Please find my code here.

Regards,
Aayush


#11

Hello everybody,

I have written a blogpost about my approach and posted my thoughts on winners’ approaches and my learnings, tips and tricks in this in this blog post. Do check it out if you are interested - https://medium.com/data-science-analytics/black-friday-data-science-hackathon-4172a0554944#.ggf3jybby

Codes are put up in my github profile - https://github.com/binga/AnalyticsVidhya_BlackFriday

Please reach out to me if you have any questions regarding the approach.

Thank you.


#12

I used Python for this contest. Instead of Pandas I used SFrames which is said to have some advantages over Pandas for large datasets.

I approached this as a recommender problem and used matrix factorization. The library I used for this was graphlab. https://dato.com/products/create/docs/graphlab.toolkits.recommender.html.

My understanding of matrix factorization is that the algo treats the problem as a matrix of the target variable, with user ids and product ids as the two dimensions. It then fills in the blanks in this matrix using factorization. Additionally, it also incorporates features of the users or products such as gender, product category etc. These are called ‘side features’ in recommender jargon.

My final submission was a simple average of the predictions of three such models, each with slightly different hyperparameters. The code for one of the models is below:

import graphlab as gl

cd C:\\Users\\Nalin\\Documents\\R\\Black Friday

train=gl.SFrame('train.csv')

test=gl.SFrame('test.csv')

train['Purchase']=train['Purchase'].astype(float)

trainBasic=gl.SFrame({'user_id':train['User_ID'],'item_id':train['Product_ID'],'Purchase':train['Purchase']})

trainUser=gl.SFrame({'user_id':train['User_ID'],'Gender':train['Gender'],'Age':train['Age'],'Occupation':train['Occupation'],'City_Category':train['City_Category'],'Stay_In_Current_City_Years':train['Stay_In_Current_City_Years'],'Marital_Status':train[ 'Marital_Status']})

trainProduct=gl.SFrame({'item_id':train['Product_ID'],'Product_Category_1':train['Product_Category_1']})

model1= gl.factorization_recommender.create(trainBasic, target='Purchase',  user_data=trainUser, item_data=trainProduct,num_factors=70,side_data_factorization=True,random_seed=50)
                             
testBasic=gl.SFrame({'user_id':test['User_ID'],'item_id':test['Product_ID']})

testUser=gl.SFrame({'user_id':test['User_ID'],'Gender':test['Gender'],'Age':test['Age'],'Occupation':test['Occupation'],'City_Category':test['City_Category'],'Stay_In_Current_City_Years':test['Stay_In_Current_City_Years'],'Marital_Status':test[ 'Marital_Status']})

testProduct=gl.SFrame({'item_id':test['Product_ID'],'Product_Category_1':test['Product_Category_1']})

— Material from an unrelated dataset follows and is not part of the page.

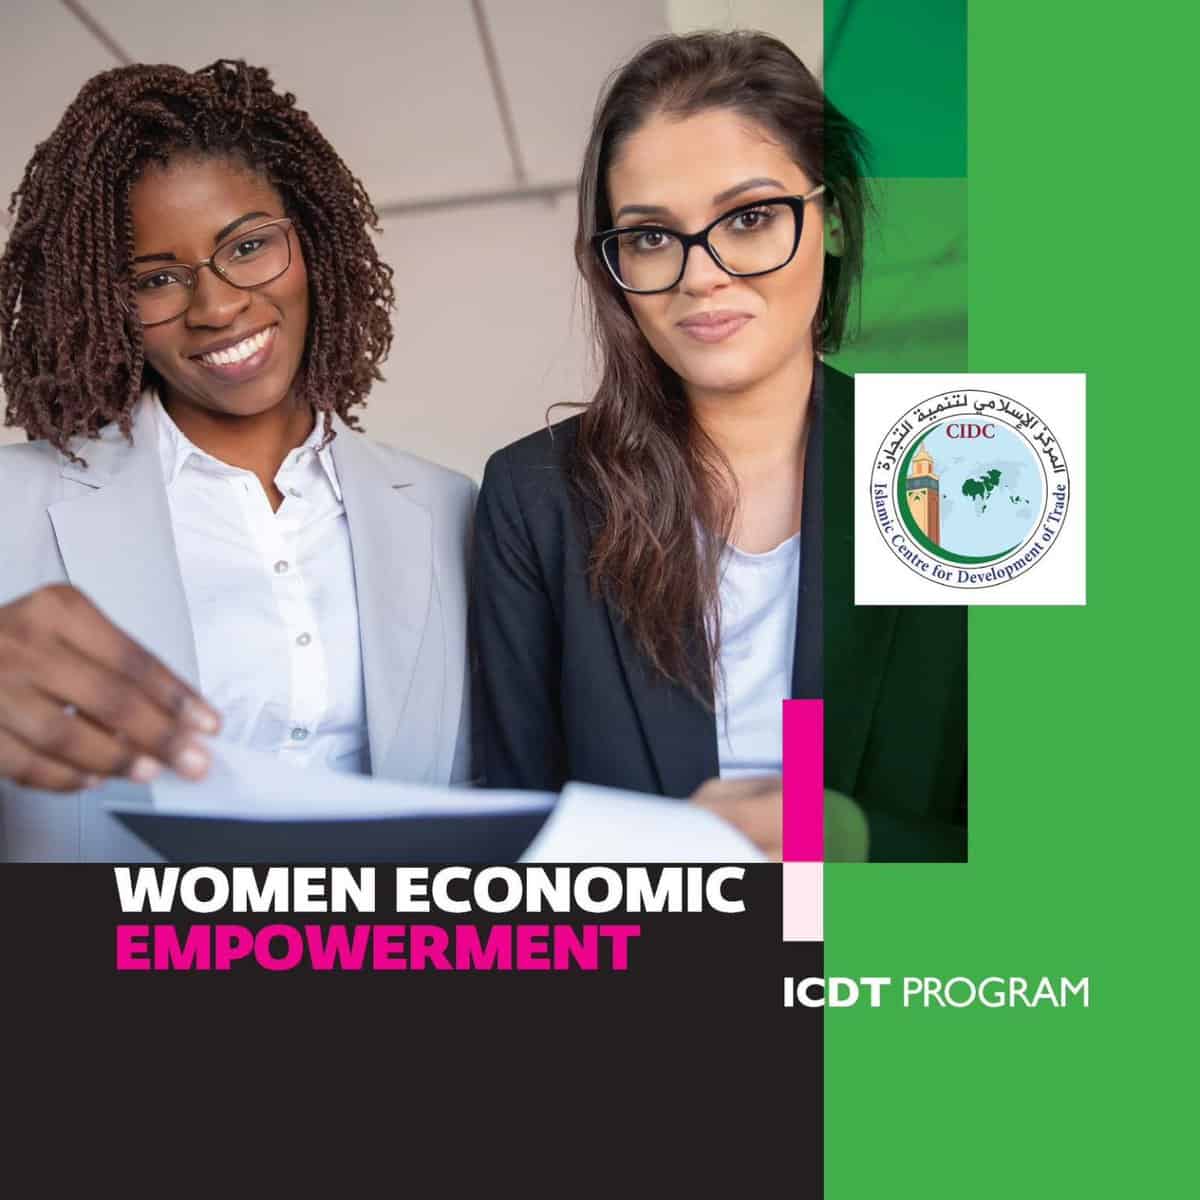 Launching of ICDT’s Program on Women’s Economic Empowerment in Sub-Saharan Africa

predictions=model1.predict(testBasic, new_user_data=testUser,new_item_data=testProduct)

Purchase=gl.SArray(predictions)

User_ID=gl.SArray(test['User_ID'])

Product_ID=gl.SArray(test['Product_ID'])

Submission=gl.SFrame({'User_ID':User_ID,'Product_ID':Product_ID,'Purchase':Purchase})

Submission.save('Sub13',format='csv')

#13

Hello Everyone,

I started with applying a simple Decision Tree on the data after applying a few sanity checks. This gave me score of 30XX.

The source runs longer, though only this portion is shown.